Там Хомяков прочел свою статью "Мнение русских о иностранцах", в которой сокрушал всю историческую науку Запада. Весь вечер заняла эта статья и ее обсуждение.
Погодин то усмехался, то хмурился. Он надеялся, что разговор зайдет о его "похвальном слове", но не дождался. Вернувшись домой, он в дневнике описал события этого вечера и закончил так:

"Черт вас возьми!"



23 января Языков пригласил Погодина на обед, на который было приглашено человек двадцать:
"Приезжай ко мне завтра обедать. Я познакомлю тебя с Чижовым; у меня будет Раич! Начало в четыре часа пополудни".
Отдельно Раича Языков упомянул потому, что тот был одним из учителей и наставников "любомудров", к которым принадлежал и Погодин.
Были многие из славянофилов, но Хомякова не было, о чем Языков очень жалел.



Раич ожидал, что Чижов будет говорить об Италии и итальянском искусстве, но был несколько разочарован.
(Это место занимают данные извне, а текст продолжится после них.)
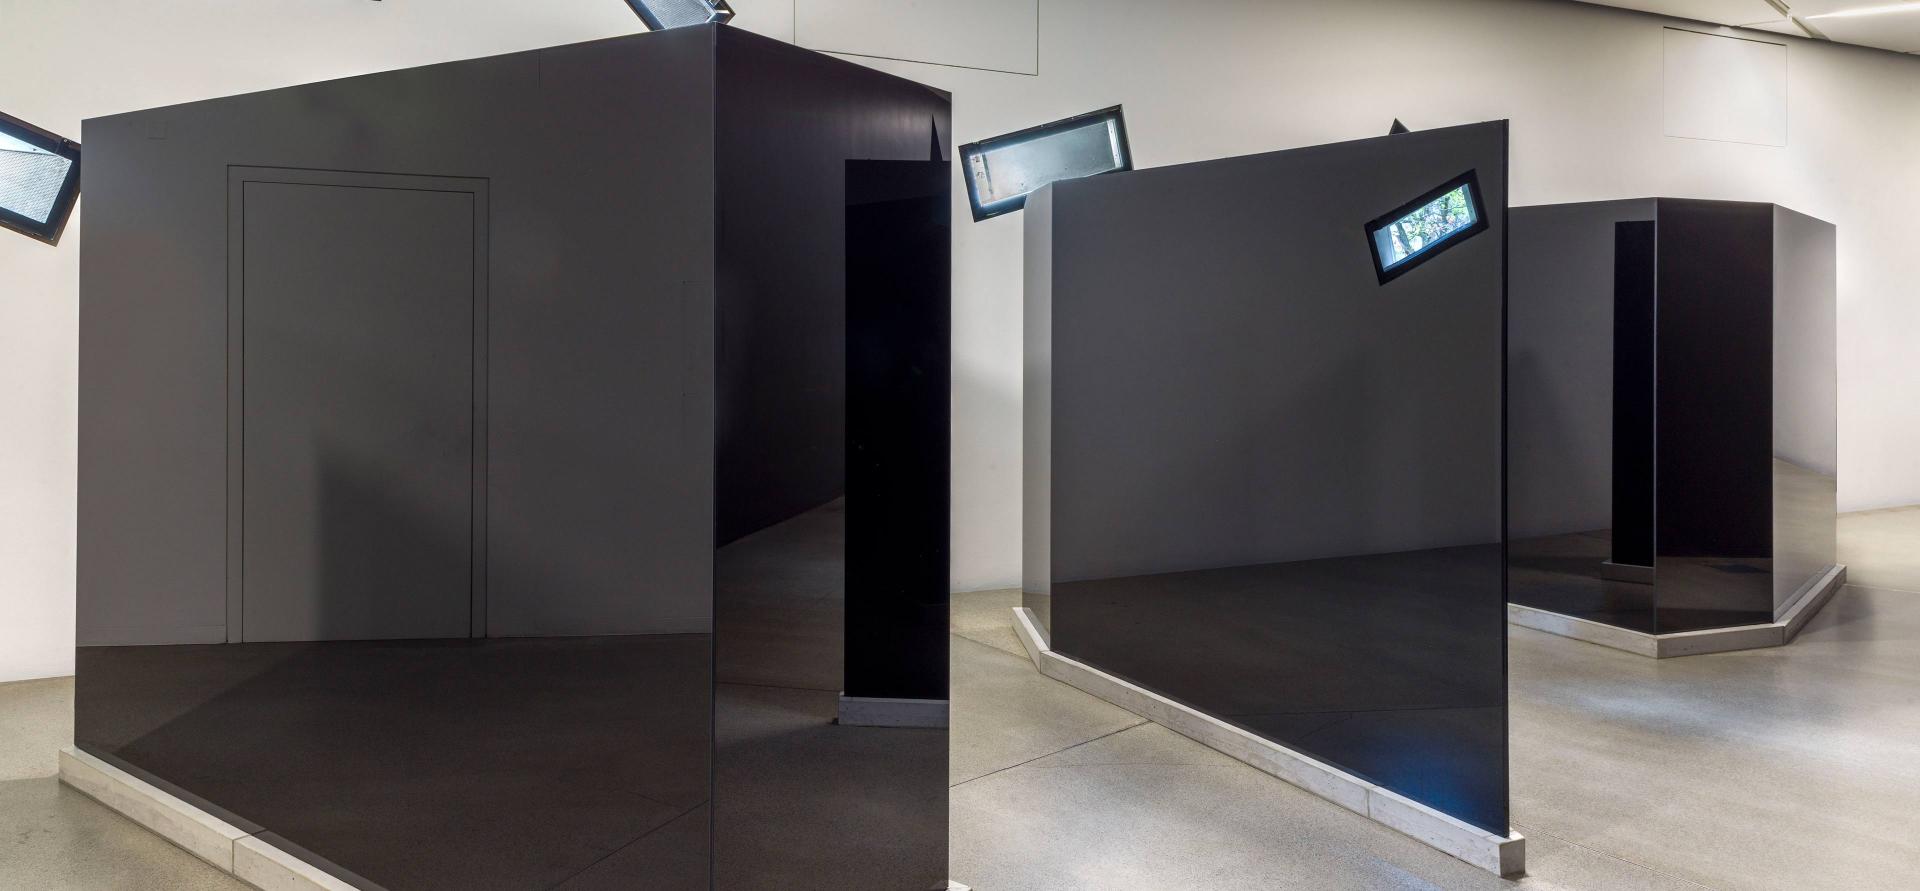 Drei schwarze, trapezförmige Glasskulpturen

Чижов, в основном, говорил о русском искусстве в Италии, а больше всего об Александре Иванове и его работе над знаменитой картиной.

Главной же целью приезда Чижова было стремление познакомиться с москвичами и найти с ними общий язык. Несмотря на свои занятия европейским искусством, Чижов сделался славянофилом. Он приехал из Европы в русской одежде: в сюртуке, напоминавшем крестьянский зипун, был острижен в кружок и с бородой.
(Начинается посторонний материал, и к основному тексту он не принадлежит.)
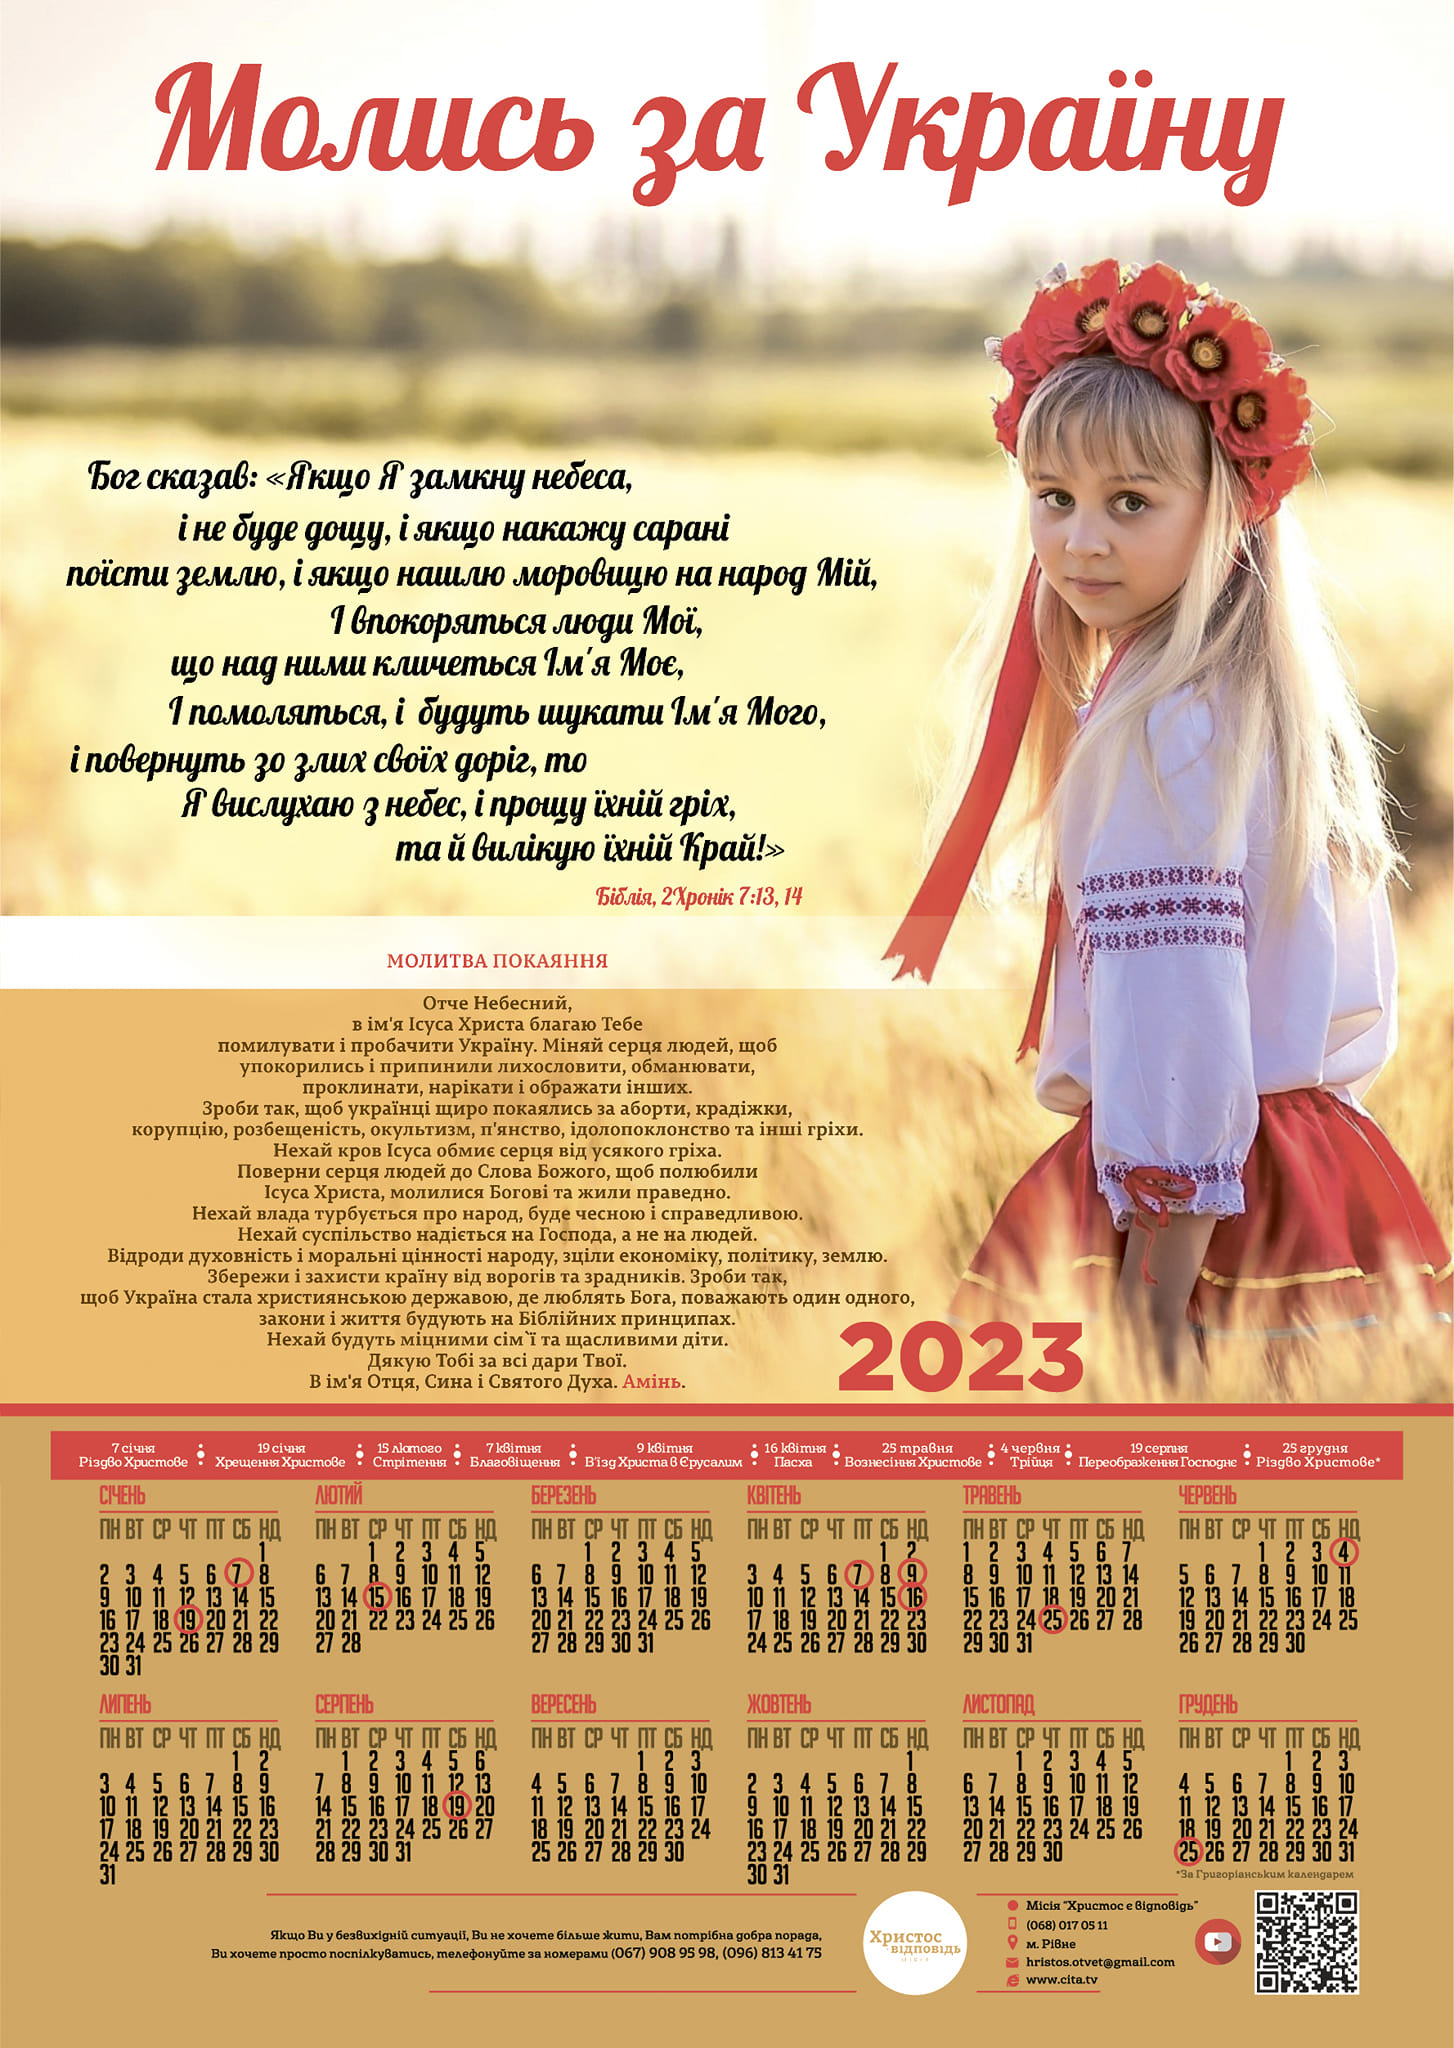 Calendars: Rivne Residents Receive 50 Thousand

Он нашел здесь и общий язык, и единомышленников, и всем сердцем полюбил Москву. Чижов говорил:

"В сердце русского любовь к Москве сливается с любовью к отечеству..."
По совету московских друзей Чижов поехал по древним русским городам: Владимир и пр.



Тем временем 18 февраля Языков пишет Гоголю:
"По мнению "Отечественных записок", явился новый гений - какой-то Достоевский; повесть его найдешь ты в сборнике Некрасова..."



(Продолжение следует)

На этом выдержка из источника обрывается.